AMOSA Report — Pakistan’s real estate tycoon Malik Riaz, who owns Bahria Town housing development, issued a statement on Friday, offering to clean up the country’s financial capital where millions of tons of garbage remain unattended causing inconvenience to residents and business houses.
The real estate magnate with mega investments in the metropolis, requested Sindh Chief Minister Murad Ali Shah to give him the authority to dispose off the trash piles. Bahria Town will initiate a cleanliness campaign in the city from Monday, he announced.
His offer was endorsed by the city mayor Mr. Wasim Akhtar, who said the business community was offering its help because the Sindh government has failed to do its job.
Addressing a press conference at the old Karachi Metropolitan Corporation (KMC) building, Akhtar and the chairmen of Central, Korangi and East District Municipal Corporations (DMC) announced they have agreed to seek legal action.
“We have written enough letters to the Sindh government. Now I won’t write any more letters nor will I ask for any meeting with the chief minister,” said Akhtar. The local government elections were held due to pressure from the courts so we will seek legal help to ensure delegation of powers too, he added.
The mayor’s 100-day cleanliness drive came to an end on Friday but with no visible improvements in the city, according to reports.
Akhtar blamed the Peoples Party-led Sindh government for curtailing his powers, and announced he will go to court.
“Had we been facilitated, we would have cleaned more than half of the city,” he said. Karachi remains dotted with garbage piles, he added.
According to reports, the most famous food street of the city, Burns Road, is still dotted with piles of garbage.
The cleanup campaign had kicked off in three districts of the city – Central, East and Korangi – where his party, the Muttahida Qaumi Movement (MQM), is in majority.
With the help of 284 loaders and 4,686 dumpers, the mayor said to have lifted 1 million tons of garbage from the backlog. Apart from this, he said that small and large nullahs of the city, such as, Gujjar Nullah, Neher-e-Khayyam and Mehmoodabad Nullah were also cleaned of garbage and encroachment.
Akhtar blamed the Sindh government of running Karachi the way a landlord runs his constituency. Multiple municipal agencies, such as the Sindh Solid Waste Management Board, Karachi Water and Sewage Board, Sindh Building Control Authority, Karachi Development Authority, Master Plan Development and Town Planning and Urban Transport and Mass Transit department, are placed under the Sindh government, he said.

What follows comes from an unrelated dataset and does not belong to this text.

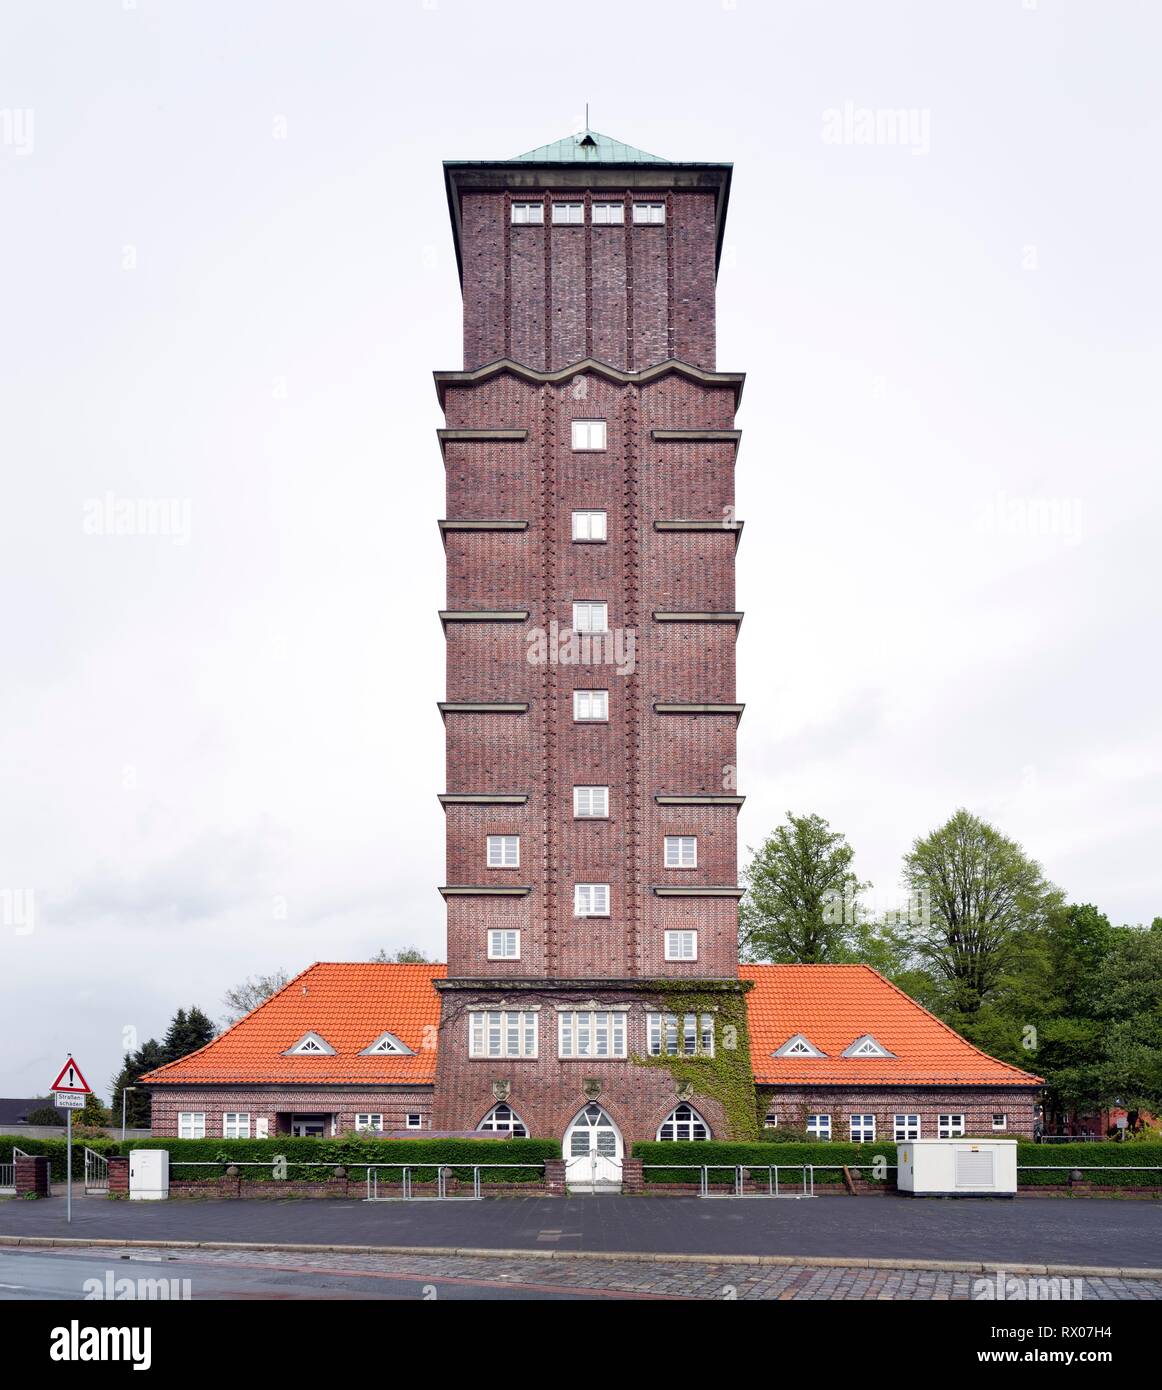 Wasserturm, Baudenkmal, Ziegel, Expressionismus, Blumenthal, Bremen, Deutschland Stockfoto
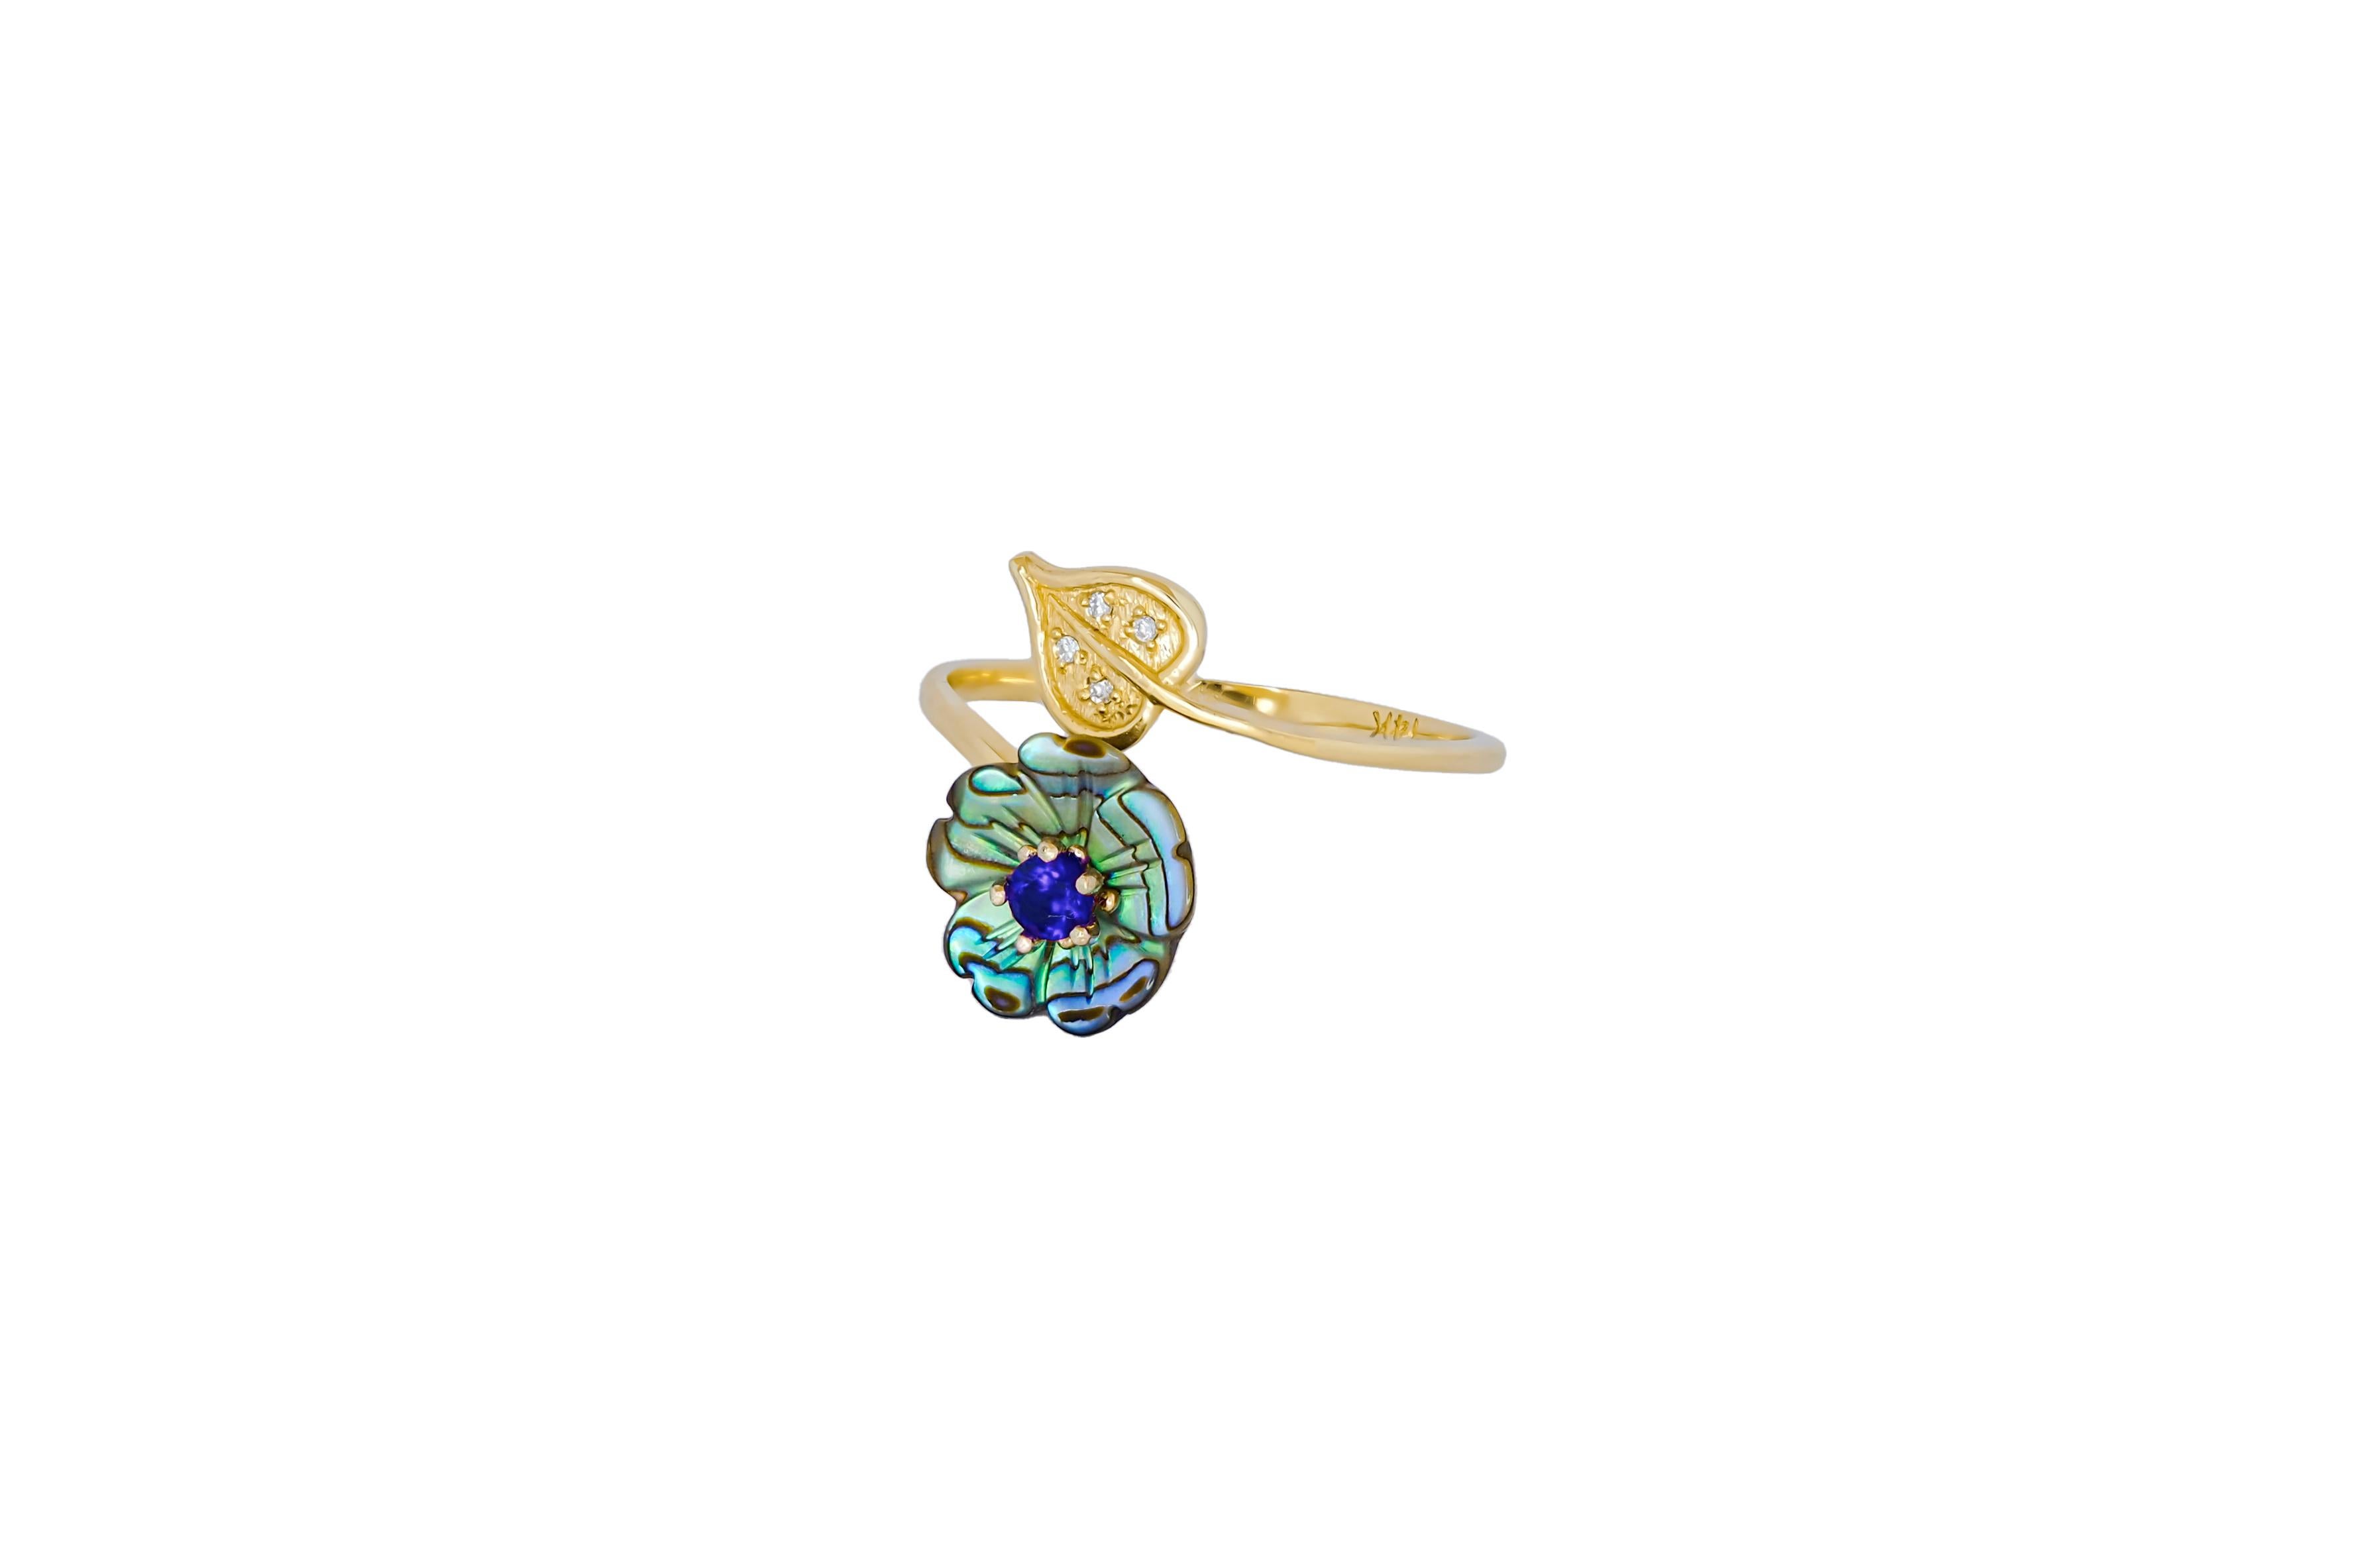 For Sale:  Royal blue gemstone 14k  gold ring.  6

“All revenue-generating departments have been taken away from the mayor’s office. Neither are you working yourself, neither letting us work,” he said.
“They think that if they don’t let the MQM work, the party will not get votes in the 2018 elections,” he added. “In 2018, we will get more votes.”
Meanwhile, at a hearing on the petition against garbage heaps, the Sindh High Court sought replies from the authorities concerned with clearing the trash and disbursing the required funds. The federal and provincial governments, Cantonment Board and other departments have been asked to submit a report within three weeks.
And, as Karachi drowns in garbage (reports Dawn), one woman has made it her mission to recycle and reuse industrial waste. Nargis Latif’s idea is to create homes and furniture out of Karachi’s garbage . Her “Gul Bahao” project transforms plastic materials rejected by factories into bricks that can be made into low-cost shelters, furniture and pretty much anything else. The project is not only aimed at cleaning up garbage, but at reducing its output and prevent it from going up in smoke, which is the common practice of burning garbage.